Kimmuriel stared at him hard.
“Go,” Jarlaxle said, waving him away. “I am no fool, and I recognize that the events unfolding could well be important. Where is Beniago?”
“He is around, surely in the city. He was quite useful in getting Drizzt far from Luskan for the last several months.”
“Tiago again?”
“He is stubborn,” Kimmuriel admitted. “But then, he is a Baenre, after all.”
Jarlaxle Baenre grinned and bowed at the clever remark. “Tiago may well be stepping into something larger than he understands, and to his-and to all of our-detriment.”

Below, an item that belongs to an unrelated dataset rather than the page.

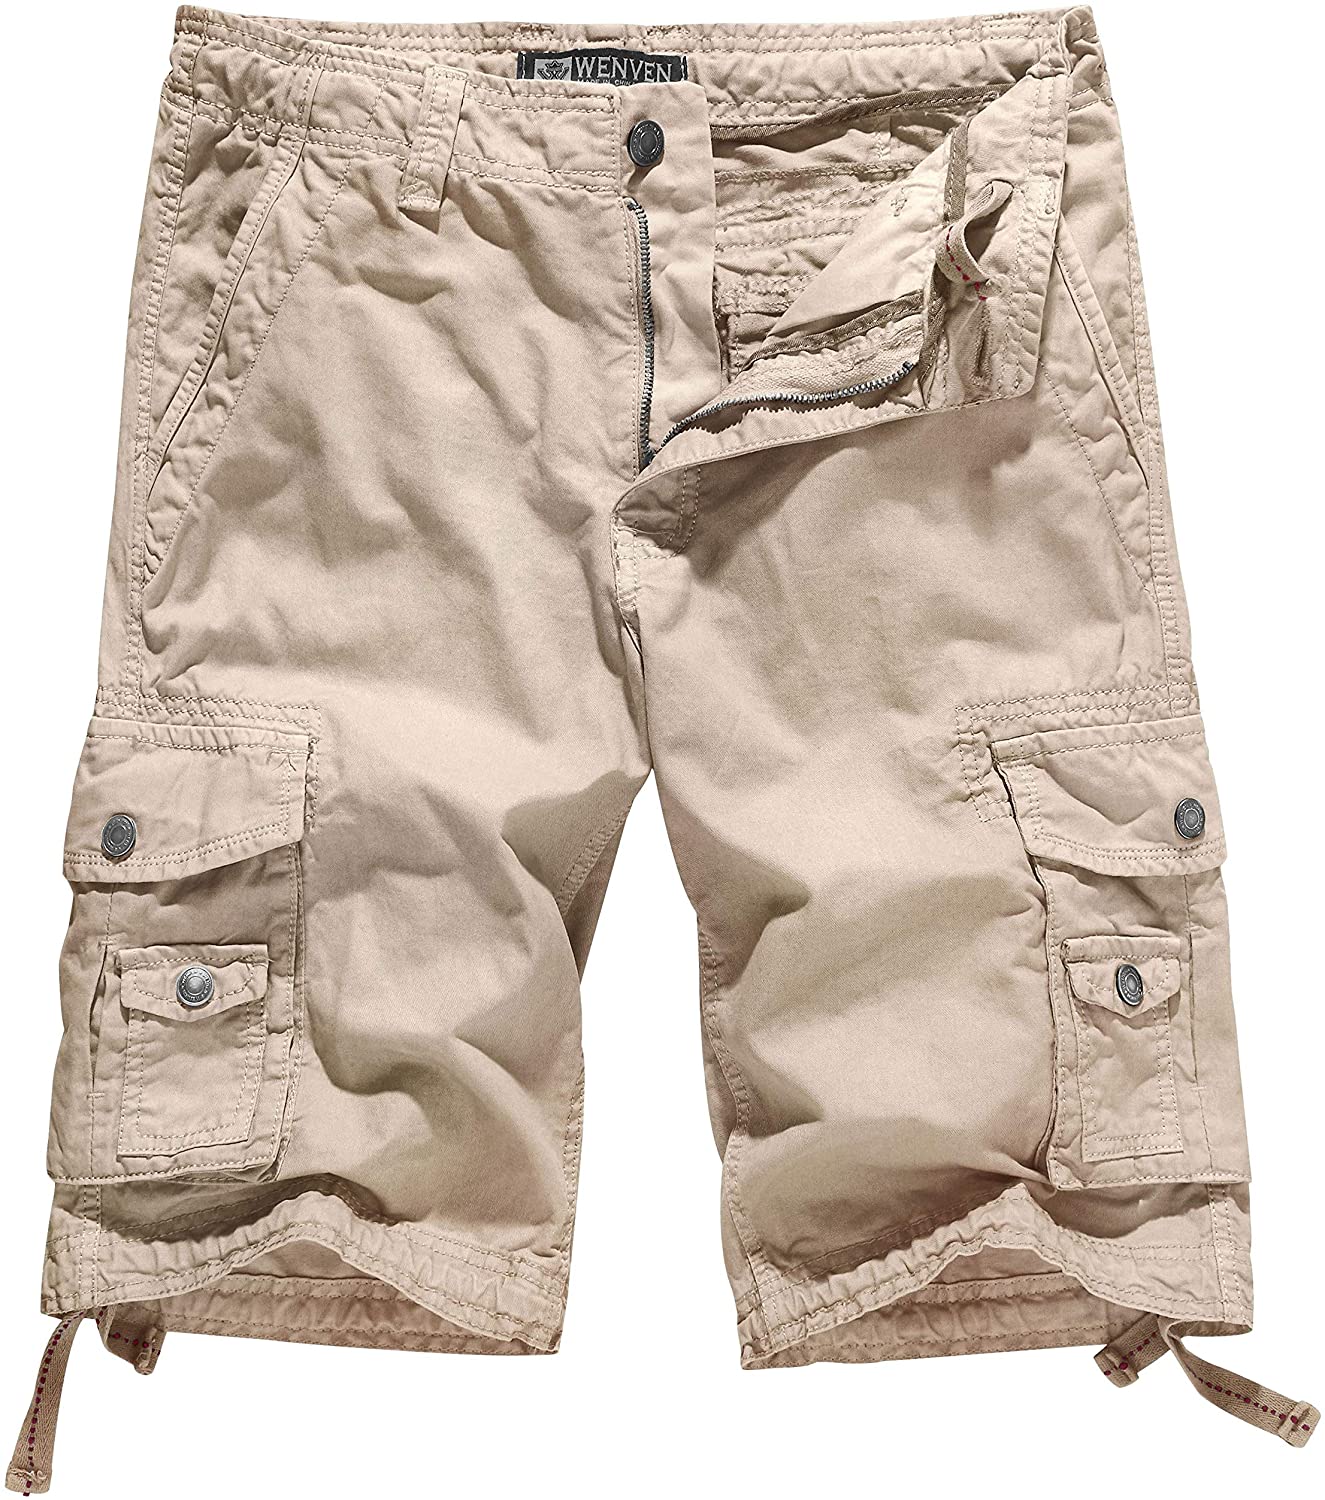 WenVen Men's Cotton Twill Cargo Shorts Classic Relaxed Fit Reg and Big & Tall Sizes

“As I said, he is a Baenre.”
Jarlaxle could only chuckle in response.
“Well met, again,” Jarlaxle said to Tiago Baenre when he found the young warrior holed up in an abandoned farmhouse just outside of Luskan. As Beniago had informed Jarlaxle, Tiago had several companions with him, including a brother and sister of House Xorlarrin.